Olisa Agbakoba disowns new political group

By Henry Ojelu & Prudence George

FORMER President of Nigerian Bar Association, NBA, Dr. Olisa Agbakoba, SAN, has identified insecurity, poverty, unemployment, ailing economy, disunity, restructuring and legitimate constitution as some of the major challenges the next Nigerian president would have to tackle to move the nation forward.

Speaking in Lagos during the presentation of Olisa Agbakoba Legal, OAL, “Policy Report 2022, Big Issues for the 2023 General Elections”, Agbakoba criticised the manifestoes of the various presidential candidates, noting that some of them lacked specific timelines and clear plan on how to solve the nation’s challenges.

Agbakoba further stated that Nigeria has never been so divided and noted that to unite the country, ensure security and order, the next president must address the challenge of a legitimate constitution, restructuring and strengthen the local government system.

He said: “The 2023 general election is a defining moment for Nigeria which raises the need for a thorough and insightful search for who will preside over the country’s affairs after President Buhari’s administration. Overall, we are happy to note that this is one of the first presidential elections that issues are coming to the fore, and that is how it should be.

“OAL’s Policy Report 2022 has highlighted a few of the big issues that should engage any Presidential candidate interested in leading Nigeria some of which include: lack of unity, disorder, and insecurity and it must be tack-led head-on.

“The other big challenge is the weak legal institutional and regulatory framework; this needs to be strengthened. The third is the economy especially as it relates to rising budget deficit, debt, and shrinking revenue. Nigeria needs innovative and transformational tools to deal with all the issues highlighted in this report. Our contribution here is to make suggestions. Presidential candidates are to rethink some of the issues, especially that of poverty.”

Speaking on how to tackle some of the issues, Agbakoba said: “A legitimate constitution is the most vital political framework. However, to succeed, four vital elements must exist and they include Inclusivity, Authority, Validity, and Legitimacy. Previous attempts at constitution-making have failed on the issue of legitimacy because the Constitution is generally perceived as imposed by the military. This issue ought to engage the attention of all the Presidential candidates.

“On fiscal federalism, which is a core issue, it is suggested that arrangements around the raising, sharing, and spending of money are critically important to the functioning of a Federal system, as this evokes strong political tensions.

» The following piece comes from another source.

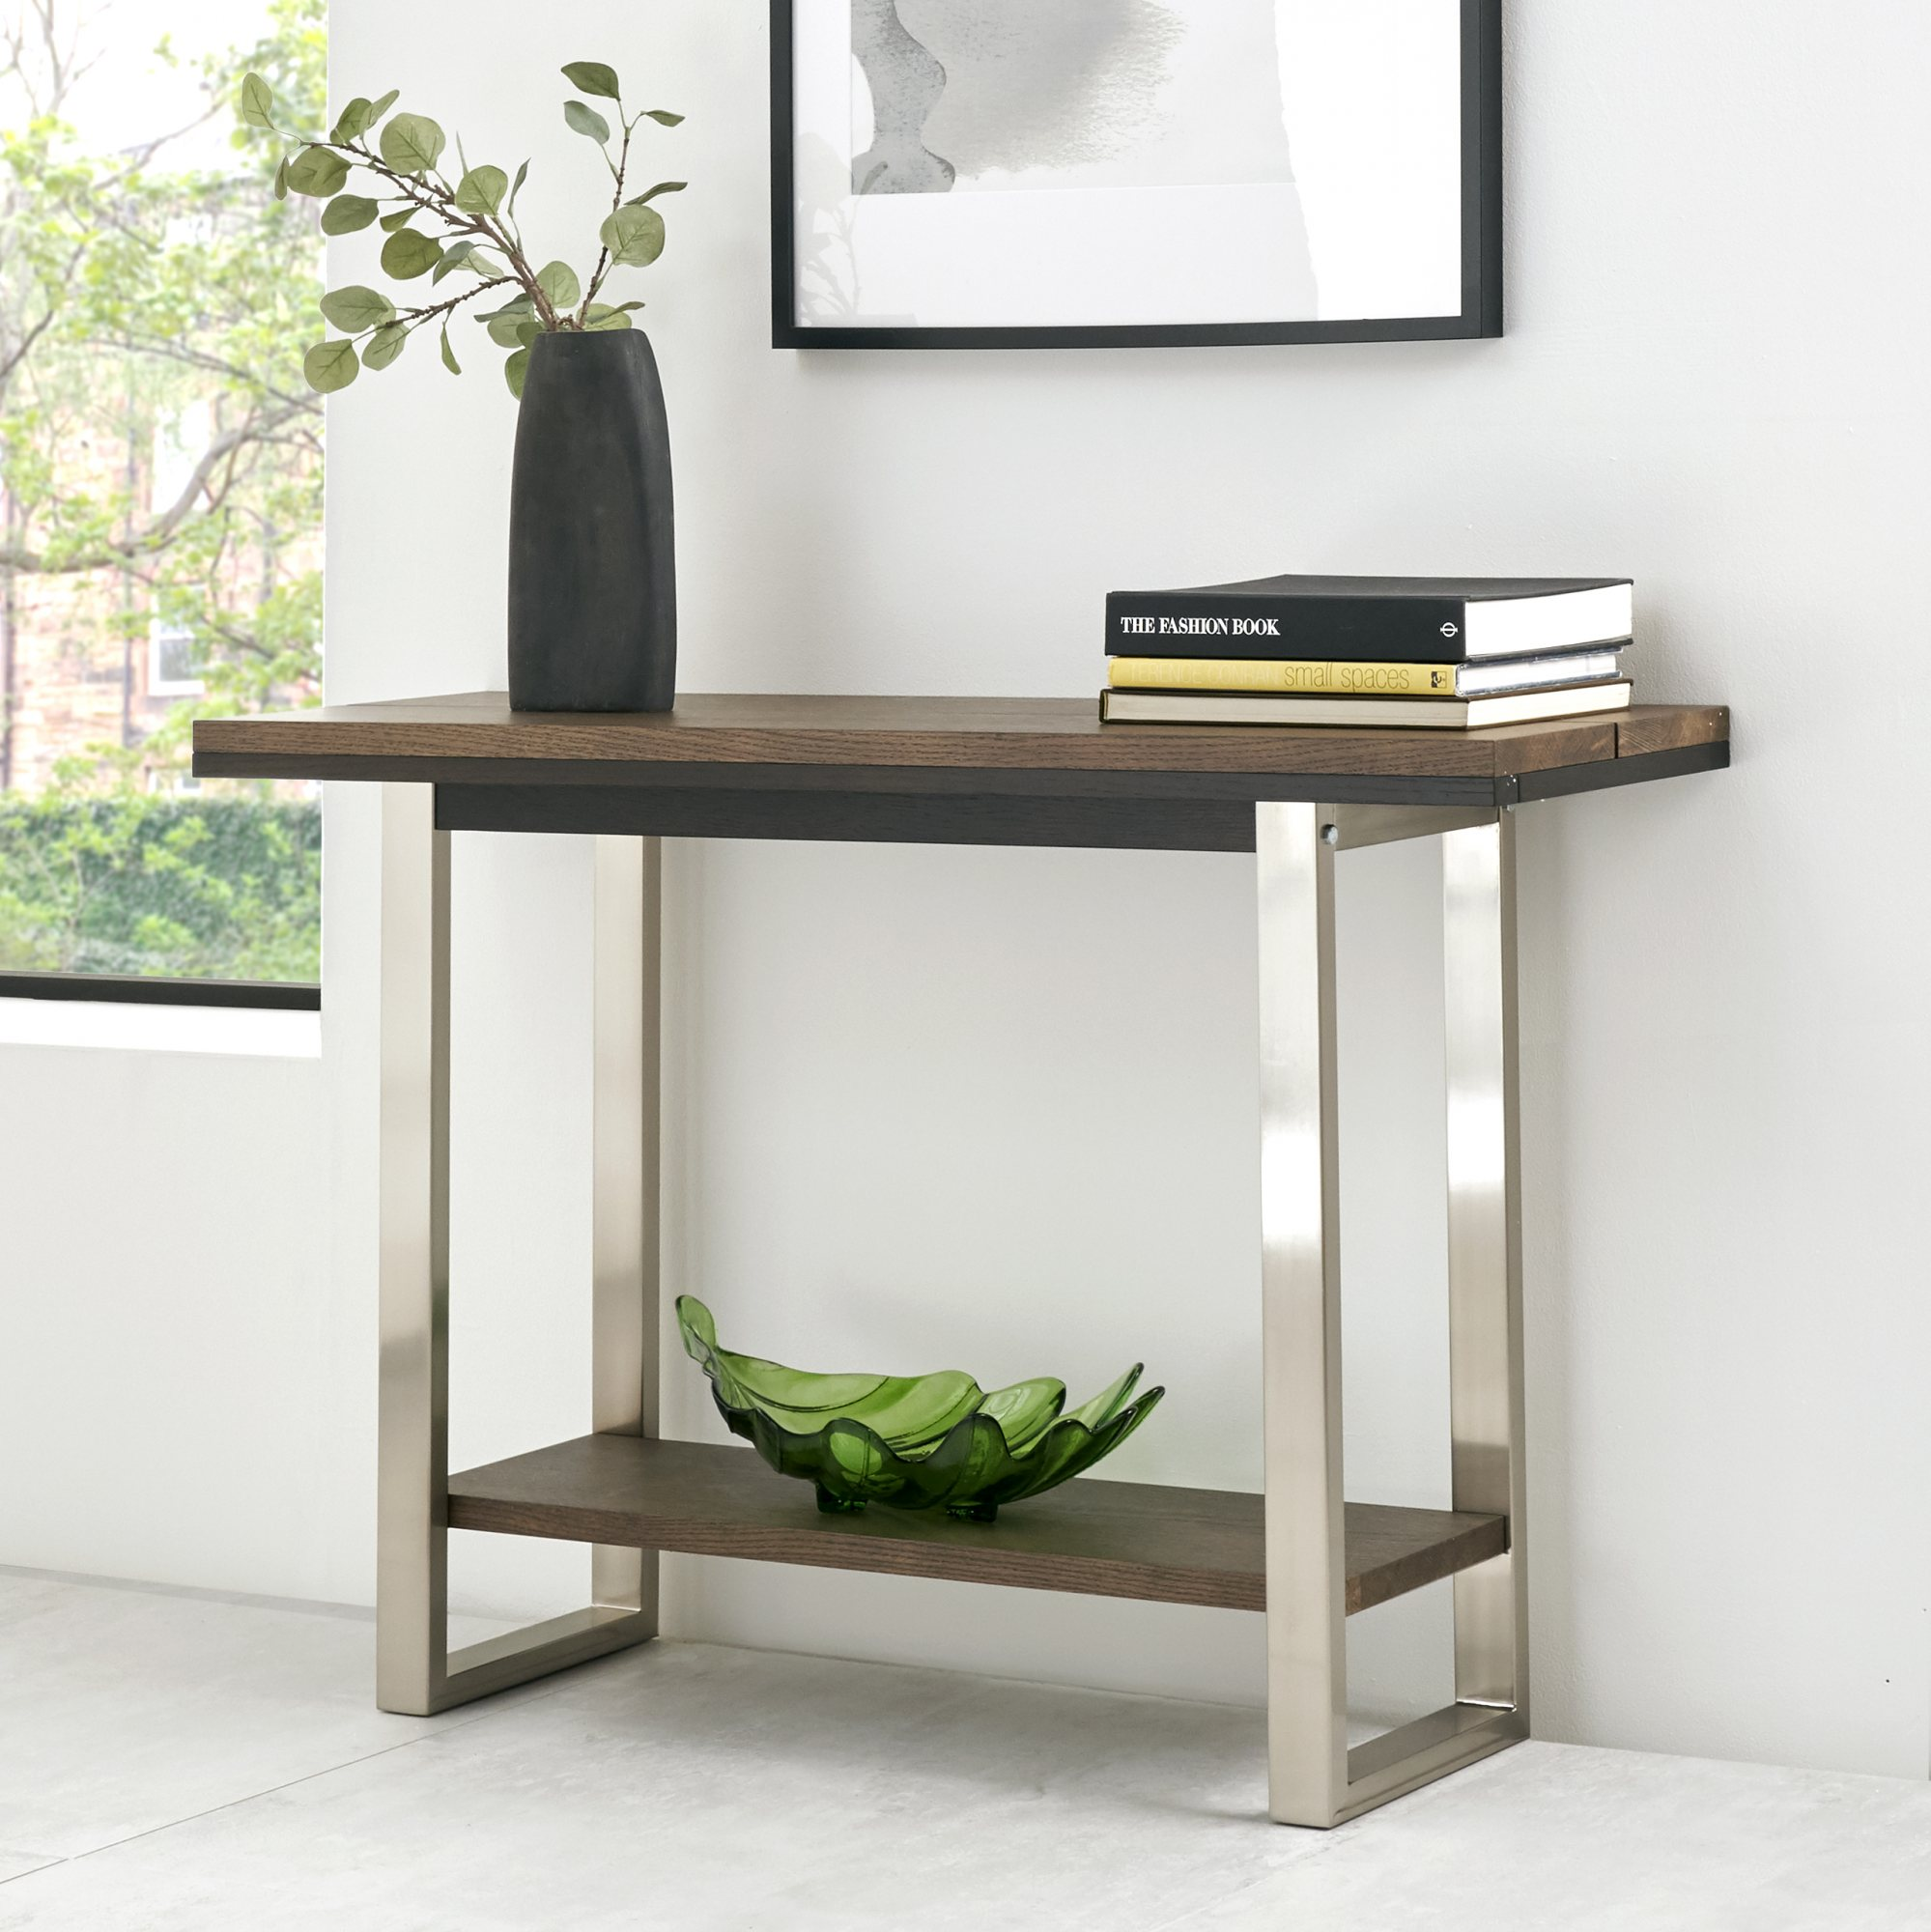 BRINDISI CONSOLE TABLE - L112cm x D37cm x H77cm

“On devolution of powers, It is suggested that massive devolution of powers from the Federal to the State Governments is vital. There are two kinds of devolved power – Political and Technical. Technical devolution is easier to agree on than political.

Nobody will argue that the States are better able to manage driver’s licenses, trade within States, prisons, marriage certificates, primary health, education, etc, than the Federal Government. State Police may be more difficult as it is perceived to mean the exercise of political control.

“On Police, the concept of municipal policing for States is a possibility, while streamlining the present Nigeria Police Force in a shared power scheme between Federal and State Governments.

“Also important is empowering the local governments as the source of power at the base of the Federal structure. This can be achieved through the principle of subsidiarity which is ensuring that governance is delivered at the lowest level.

“Poverty is the single biggest issue confronting the Presidential candidates. 133 million Nigerians cannot be poor and there will be development. To address this challenge, a President needs to engage in critical thinking and develop a design that will ensure that funds are allocated to the most important sectors. Four sectors identified by MPI include Education, Health, Living Standards, and Employment. Funding for these key sectors must be sustained over a period of time.”